What to work on: A word-for-word copy of the listing is required, and it must contain no pictures.

Input data:
###
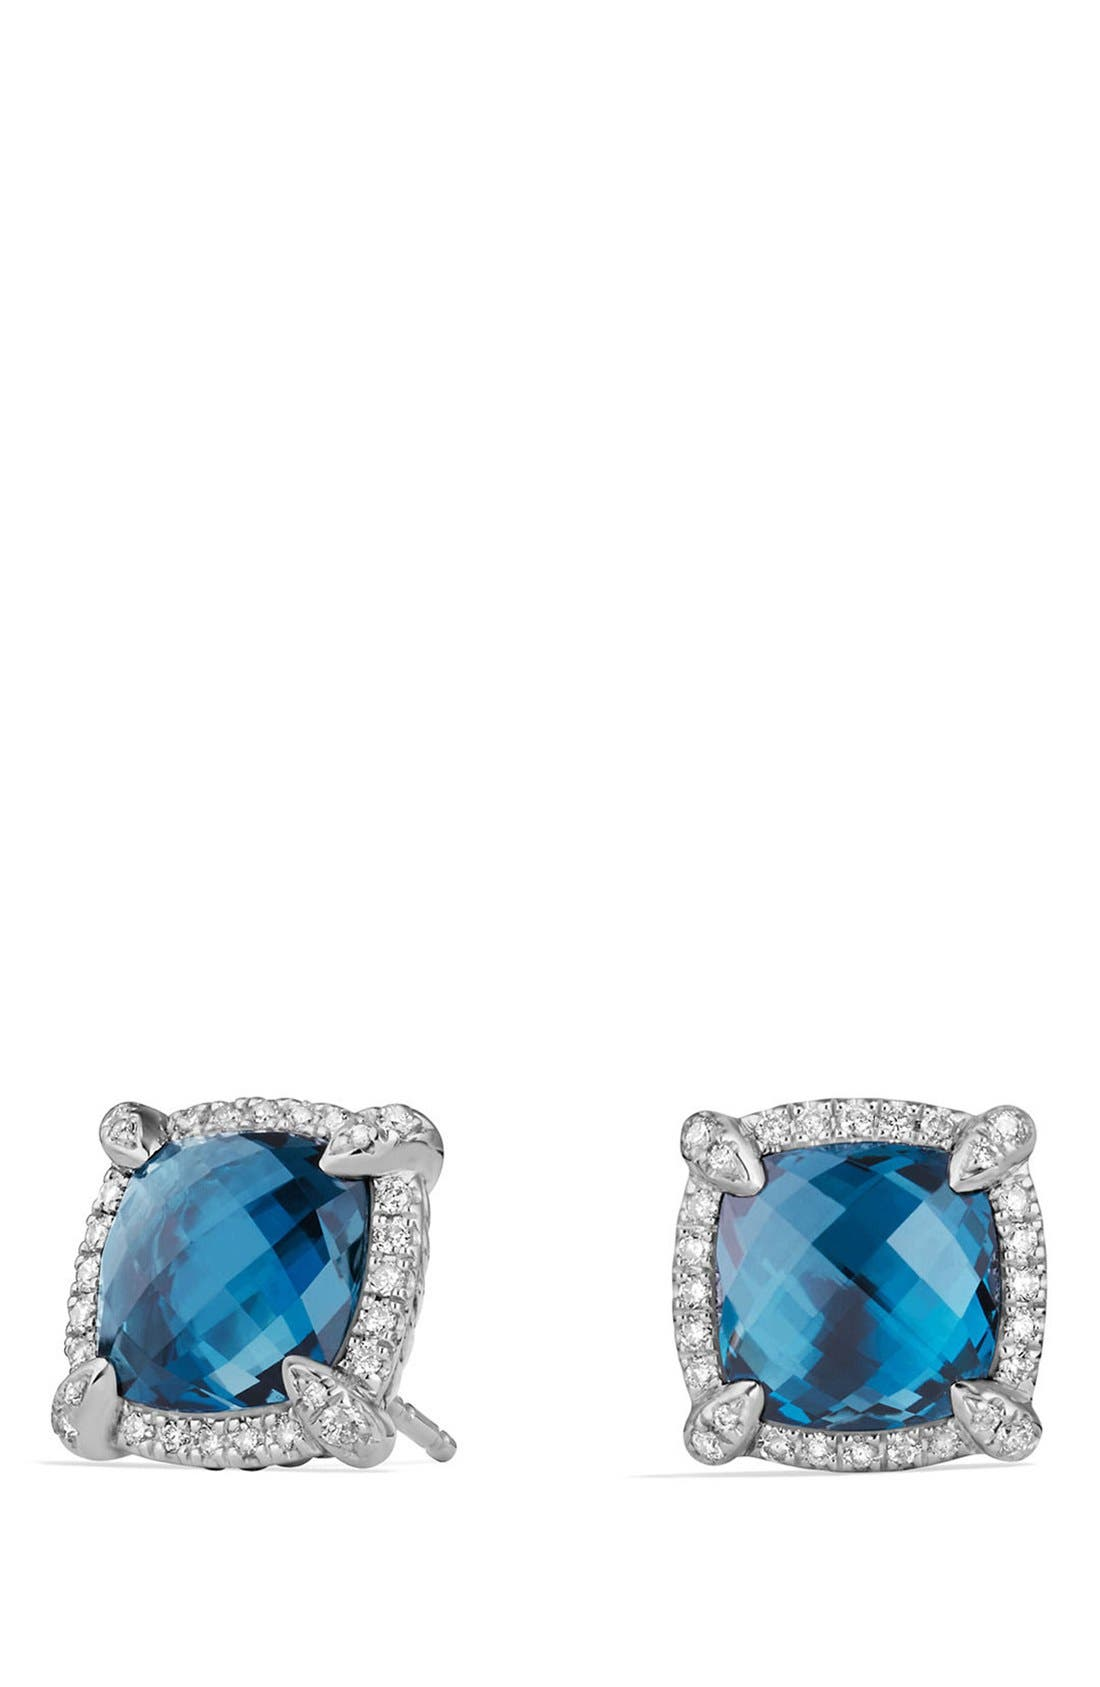 'Châtelaine' Pavé Bezel Stud Earrings with Diamonds,                             Main thumbnail 1, color,                             Blue Topaz
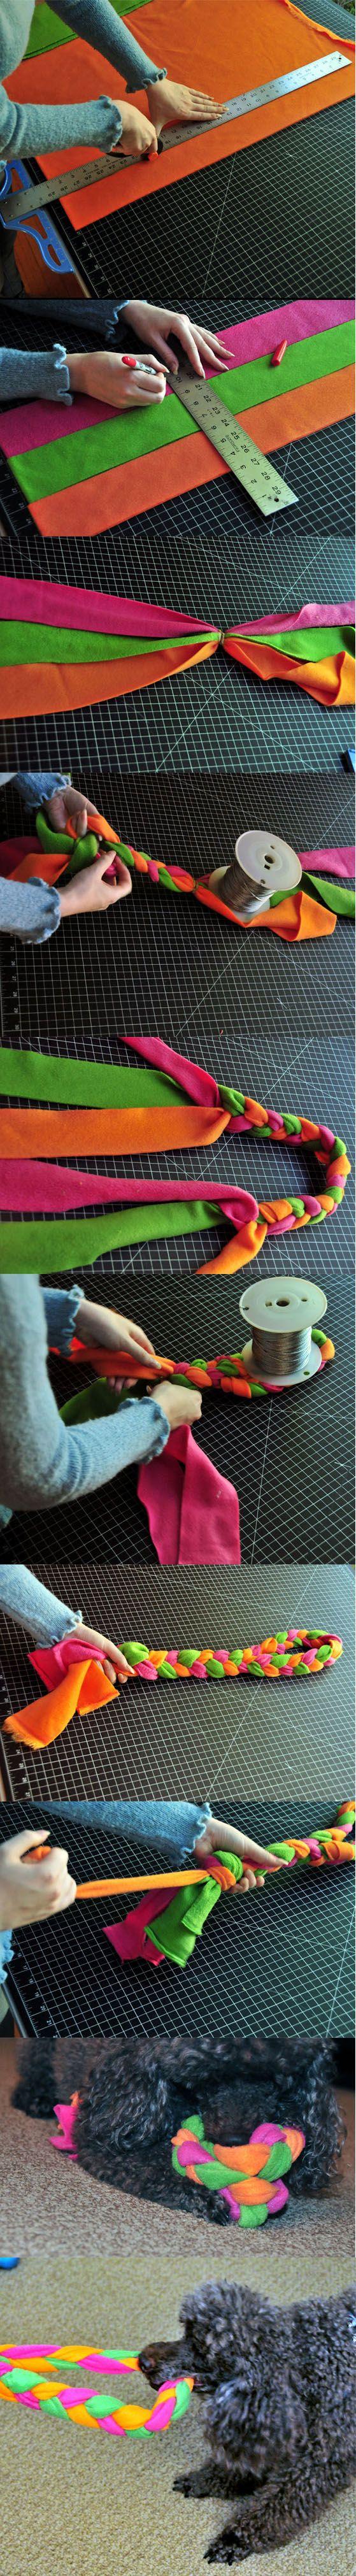 tela-juguete-mascota-muy-ingenioso-diy-1                                                                                                                                                                                 Más
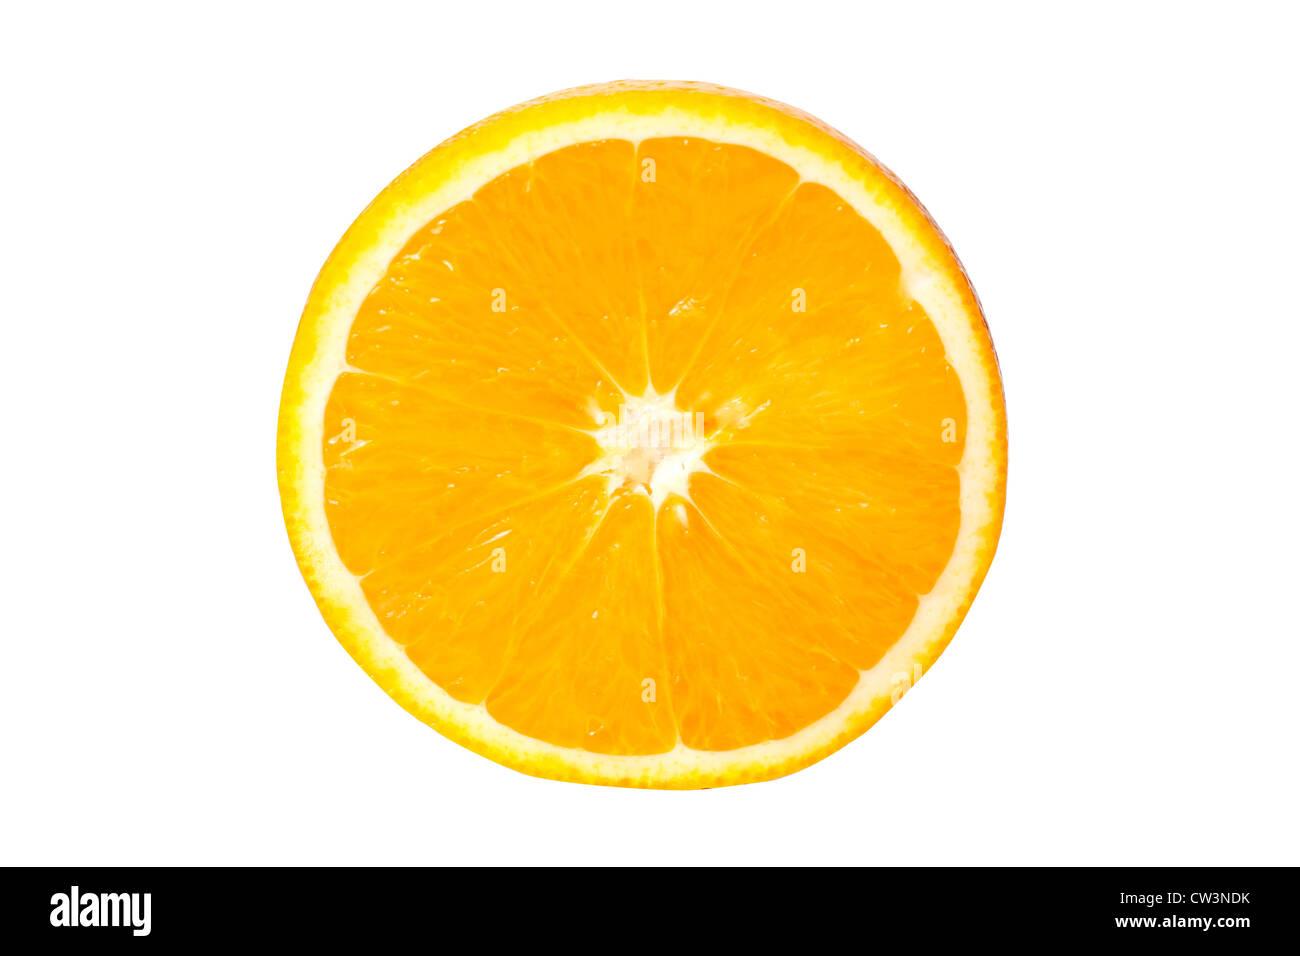 Rodajas de naranja aislado en blanco Imagen De Stock
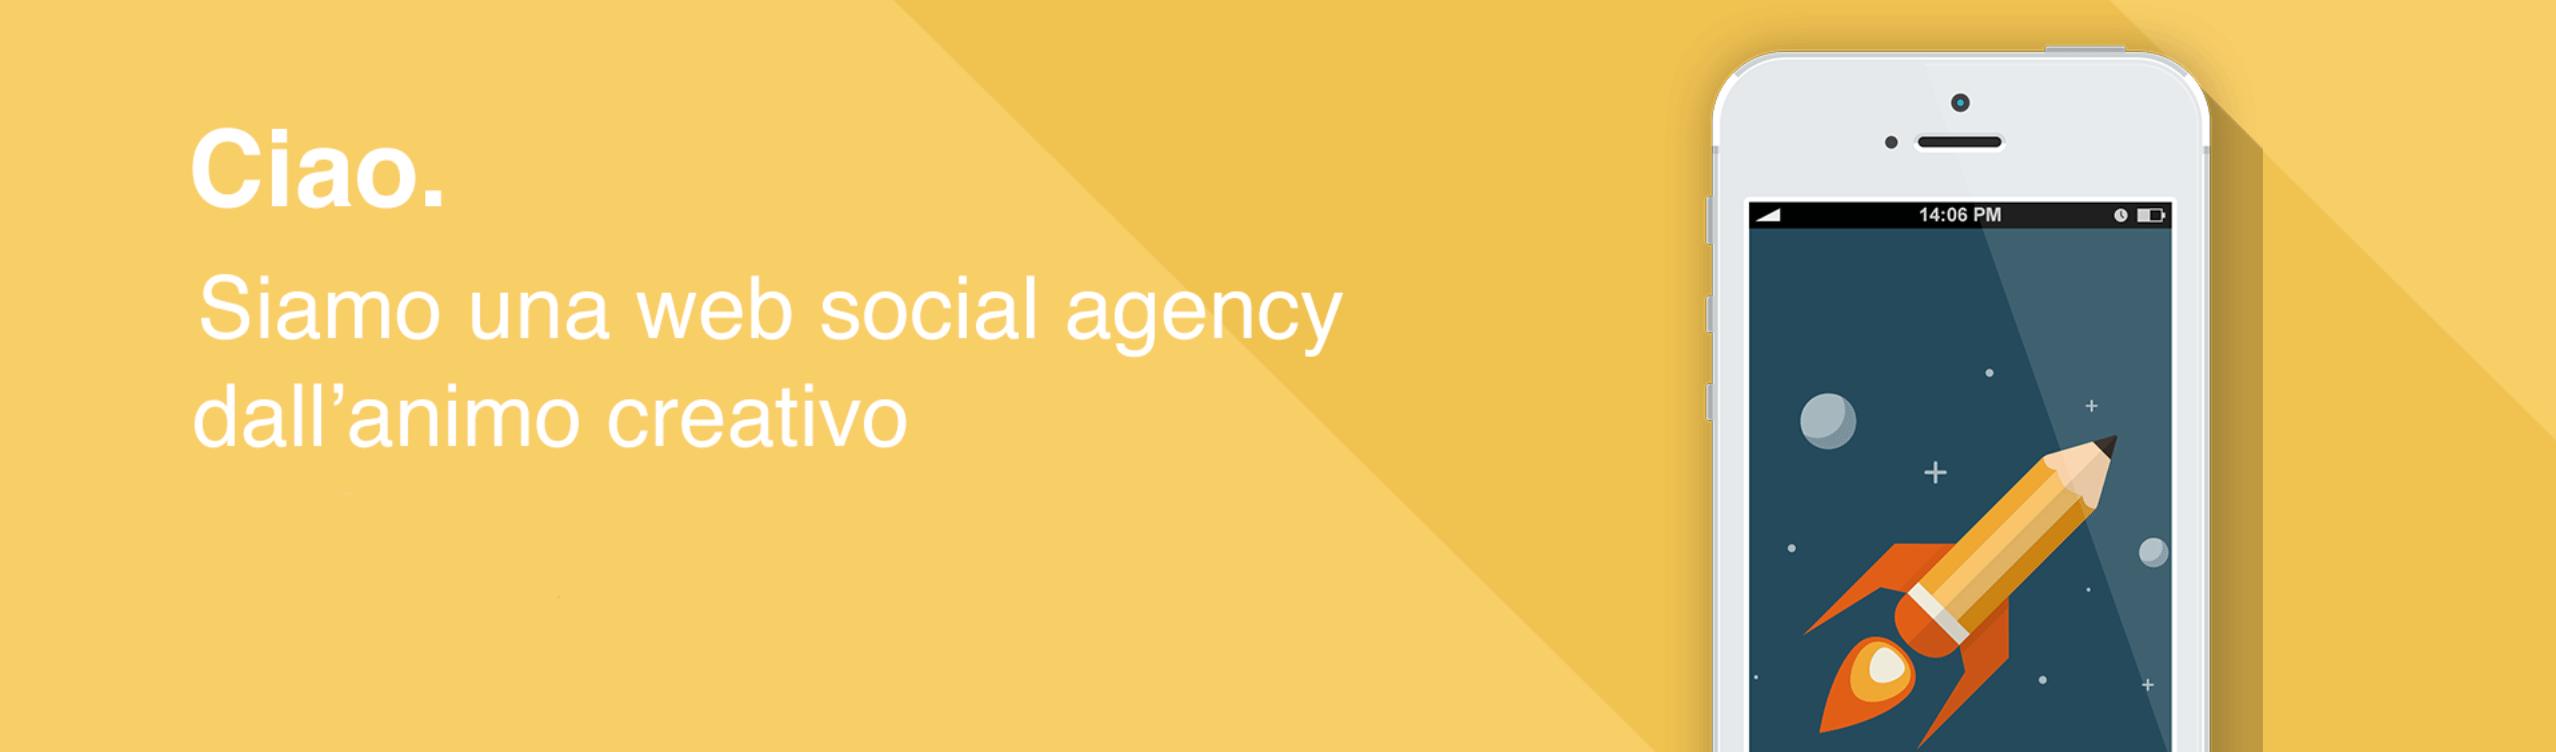 smartbee web agency bergamo
###
Solution to the exercise:
 'Châtelaine' Pavé Bezel Stud Earrings with Diamonds,                             Main thumbnail 1, color,                             Blue Topaz
 tela-juguete-mascota-muy-ingenioso-diy-1                                                                                                                                                                                 Más
 Rodajas de naranja aislado en blanco Imagen De Stock
 smartbee web agency bergamo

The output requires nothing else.